A block diagram of the Layer 3 encoder algorithm is show in the following diagram:
These blocks are described below.
Filter bank
The filter bank used in MPEG Layer-3 is a hybrid filter bank which consists of a polyphase filter bank and a Modified Discrete Cosine Transform (MDCT). This hybrid form was chosen for reasons of providing the same frame sizes as in Layer-1 and Layer-2.
Perceptual Model
The perceptual model mainly determines the quality of a given encoder implementation. It uses either a separate filter bank or combines the calculation of energy values (for the masking calculations) and the main filter bank. The output of the perceptual model consists of values for the masking threshold or the allowed noise for each coder partition. If the quantization noise can be kept below the masking threshold, then the compression results should be indistinguishable from the original signal.
Joint Stereo
Joint stereo coding takes advantage of the fact that both channels of a stereo channel pair contain far the same information. These stereophonic irrelevancies and redundancies are exploited to reduce the total bitrate. Joint stereo is used in cases where only low bitrates are available but stereo signals are desired.
Quantization and Coding
A system of two nested iteration loops is the common solution for quantization and coding in a Layer-3 encoder.

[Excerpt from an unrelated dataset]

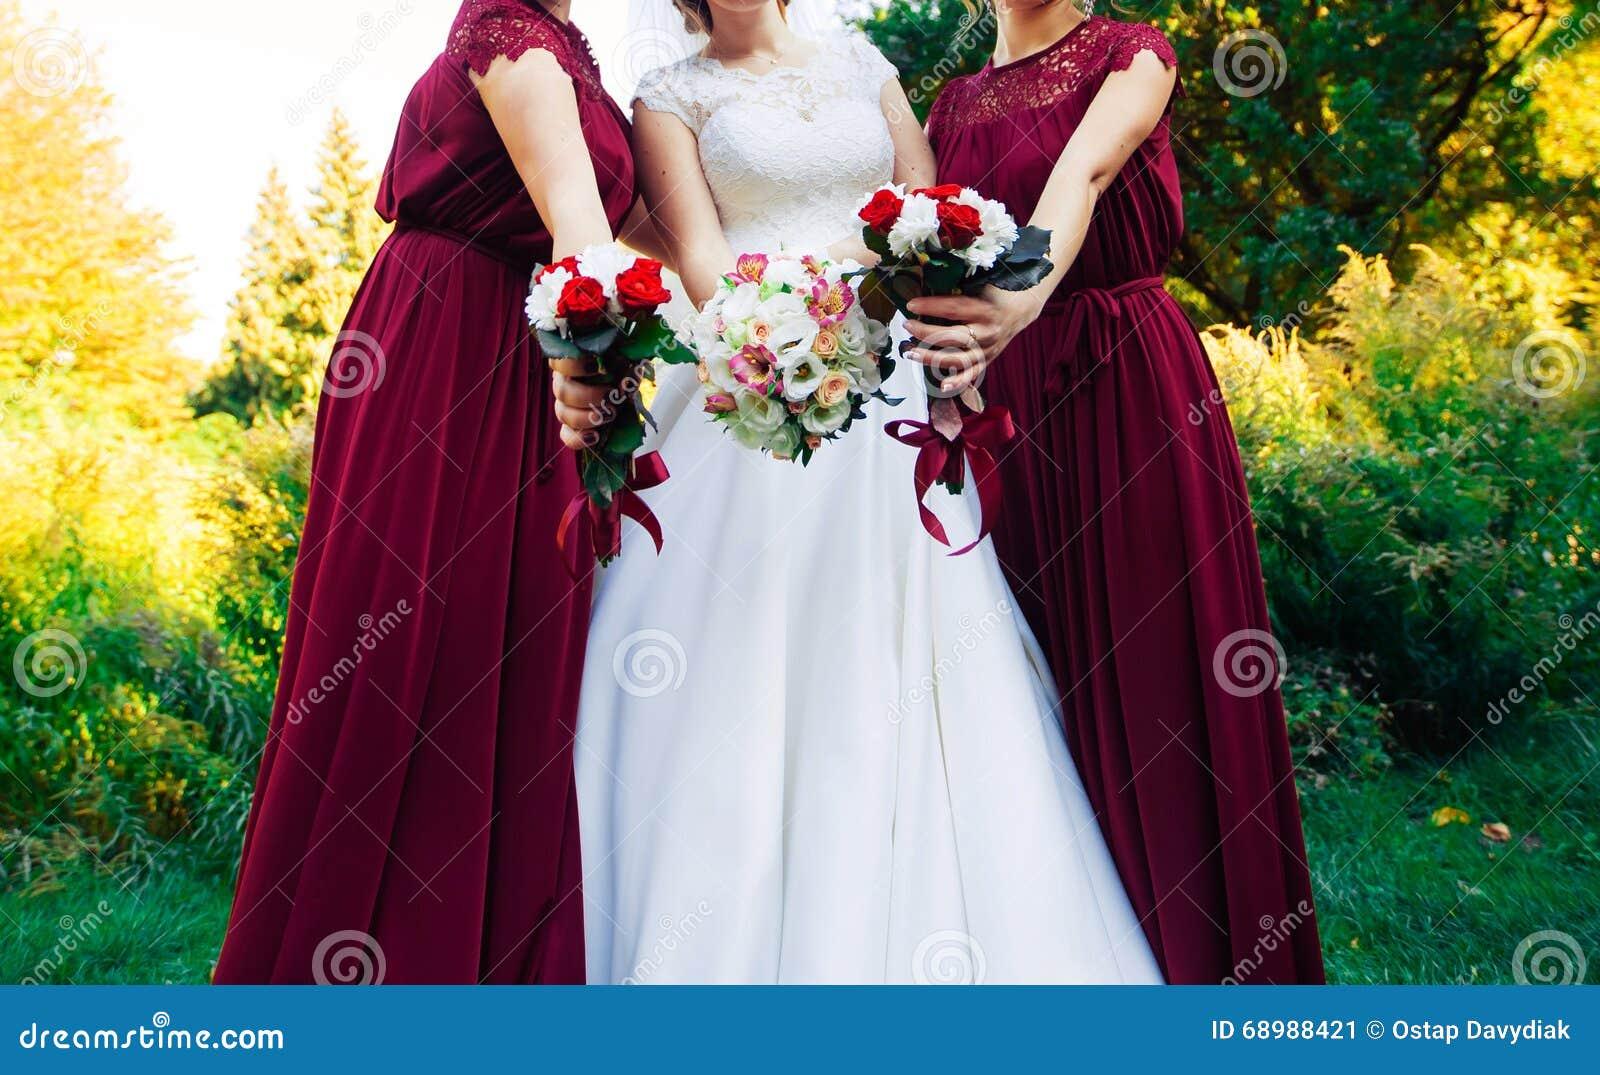 Hochzeitsblumenstrauß einer Braut und der Brautjungfer zwei

Quantization is done via a power-law quantizer. In this way, larger values are automatically coded with less accuracy and some noise shaping is already built into the quantization process.
The quantized values are coded by Huffman coding. As a specific method for entropy coding, Huffman coding is lossless. This is called noiseless coding because no noise is added to the audio signal.

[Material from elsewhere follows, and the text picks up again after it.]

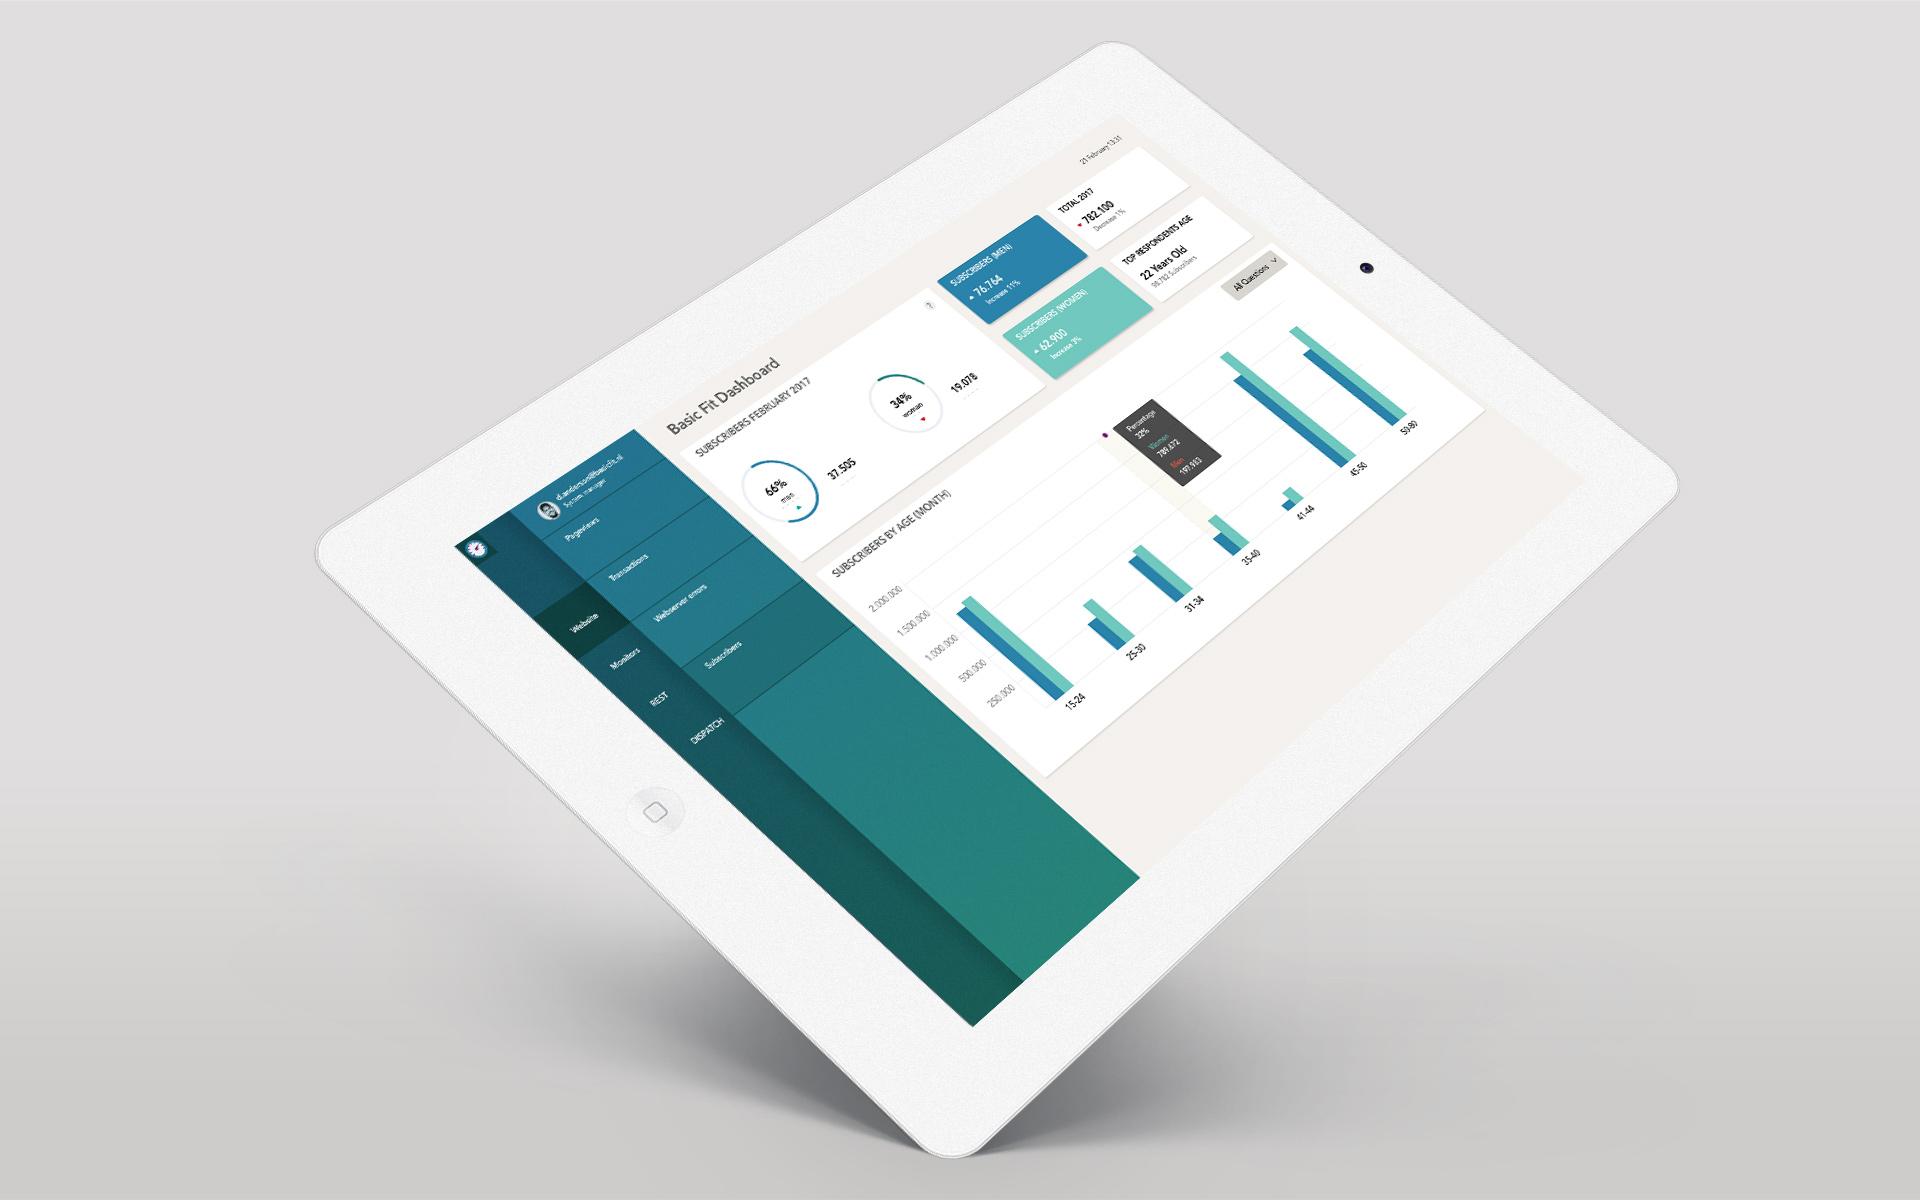 Basicfit_monitor-dashboard_design-iPad

The process to find the optimum gain and scalefactors for a given block, bit-rate and output from the perceptual model is usually done by two nested iteration loops in an analysis-by-synthesis way:
Inner iteration loop (rate loop)
The Huffman code tables assign shorter code words to (more frequent) smaller quantized values. If the number of bits resulting from the coding operation exceeds the number of bits available to code a given block of data, this can be corrected by adjusting the global gain to result in a larger quantization step size, leading to smaller quantized values. This operation is repeated with different quantization step sizes until the resulting bit demand for Huffman coding is small enough. The loop is called rate loop because it modifies the overall coder rate until it is small enough.
Outer iteration loop (noise control/distortion loop)
To shape the quantization noise according to the masking threshold, scalefactors are applied to each scalefactor band. The systems starts with a default factor of 1.0 for each band. If the quantization noise in a given band is found to exceed the masking threshold (allowed noise) as supplied by the perceptual model, the scalefactor for this band is adjusted to reduce the quantization noise. Since achieving a smaller quantization noise requires a larger number of quantization steps and thus a higher bitrate, the rate adjustment loop has to be repeated every time new scalefactors are used. In other words, the rate loop is nested within the noise control loop. The outer (noise control) loop is executed until the actual noise (computed from the difference of the original spectral values minus the quantized spectral values) is below the masking threshold for every scalefactor band (i.e. critical band).